作者有话要说:  如果哪天不在jj写了,lofter找我……id沈梨。

    
第12章 怦然心动
  慕夏没去展览,后来在林檎的朋友圈看到了几个人的合照——确切地说是偷拍,林檎站在最前面,笑弯了一双眼,身后几个少年少女正在分东西吃。
  林战和孟居然犹如林檎的左膀右臂,是一定会在的,余下有不认识的女孩,想必是林檎的好闺蜜。游弋也在,坐在最远的凳子上,仰头喝一瓶矿泉水。但这并不是最令慕夏惊讶的,他奇怪地发现,许文科竟也出现在合照中了。
  真是白日见了鬼。
  他瞪着眼睛来来回回缩放无数次,确认了当中的眼睛少年真是许文科本人后,情不自禁地往后一仰,内心十分震惊。

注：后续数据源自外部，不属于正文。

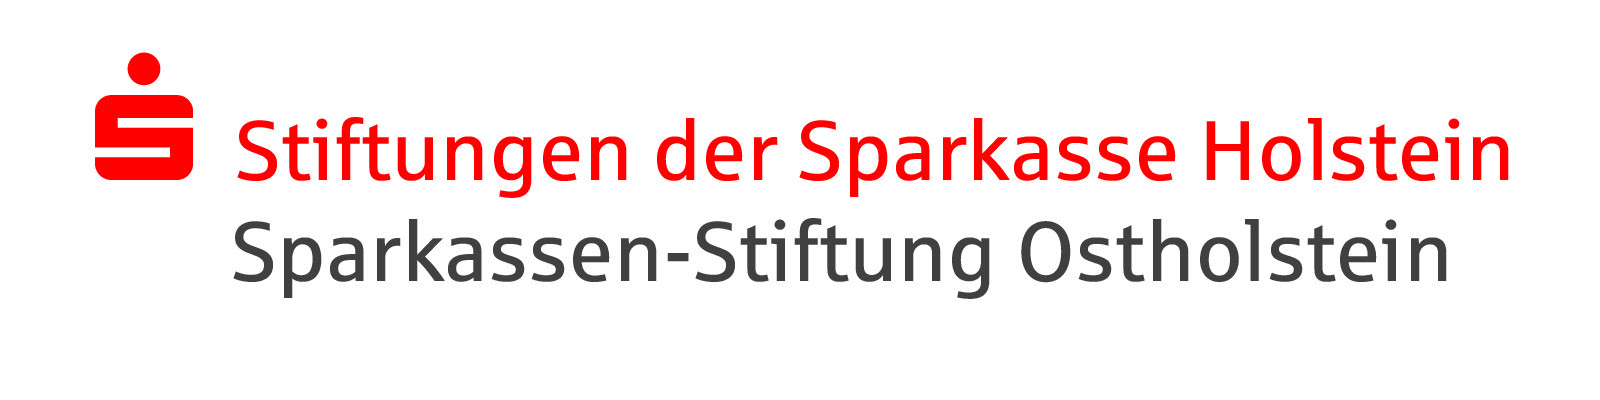 Logo: Stiftung der Sparkasse Holstein, Sparkassen-Stiftung Ostholstein

  且不说之前自己关于这两人之间关系的不靠谱猜测,许文科和游弋一个多月来在宿舍起码交集为零,慕夏不认为游弋是那种当面一套背后一套的人,不讲话就是不讲话。这下怎么还在一个小集体里和平共处了?
  眼熟的不眼熟的人凑在一处,就许文科离游弋最近。
  许文科还在扭头看他。
  还他妈在笑。
  笑个屁啊,靠。
  慕夏暗骂了一声,他对许文科的莫名仇恨达到了顶点。半晌冷静下来,往后一仰躺在沙发上,抬头盯着天花板,开始无比后悔为什么没去。
  就因为那天电影院里小心脏不知所谓地跳得扑通扑通,然后他把这个定义为年少时的怦然心动——四个字说得轻轻巧巧,大部分人会为之羞涩一番,带着莫名的快乐。但慕夏一点不觉得开心,甚至有点自我厌恶起来。
  他觉得这颗心也太不听管束了点。
  正纠结着突如其来的恶心,厨房里传来母亲的喊声:“慕夏,打个电话给你爸,喊他晚上记得回来吃饭,路过小区门口时带一瓶醋!”
  慕夏应了一声,勾过手机拨出个号码,索然无味。
  接通后他一板一眼地说完,如同个设定好程序的机器人,听着对面也同样机械的应答,和他爸默契地挂了电话。
  从前一次未遂的出轨好像成了妈的心病,之后不管慕夏的父亲去哪里工作,她都非要跟着,否则就要大闹一场。玩艺术的多少都有点病,慕夏他姑妈这么说的时候没避讳着孩子,他年纪尚小就记住这句话,长大后深以为然。
  说得难听点,就是玻璃心得很,对外美其名曰敏感而脆弱。
  他打完电话给敏感而脆弱的母亲扯了个回执,跑过去问是否要帮忙,厨房里忙碌的女人满意地揪了把慕夏的耳朵,喊他回房间看书去。
  慕夏被赶出厨房的一亩三分地,不知所措,想了想开电脑玩斗地主。
  他打这类小游戏不求输赢,自然也不太上心,飞快思考着的是另一些事。父母都不爱问他学校里怎么样,许多话打着腹稿说不出来,闲暇时才能嘟嘟囔囔自言自语。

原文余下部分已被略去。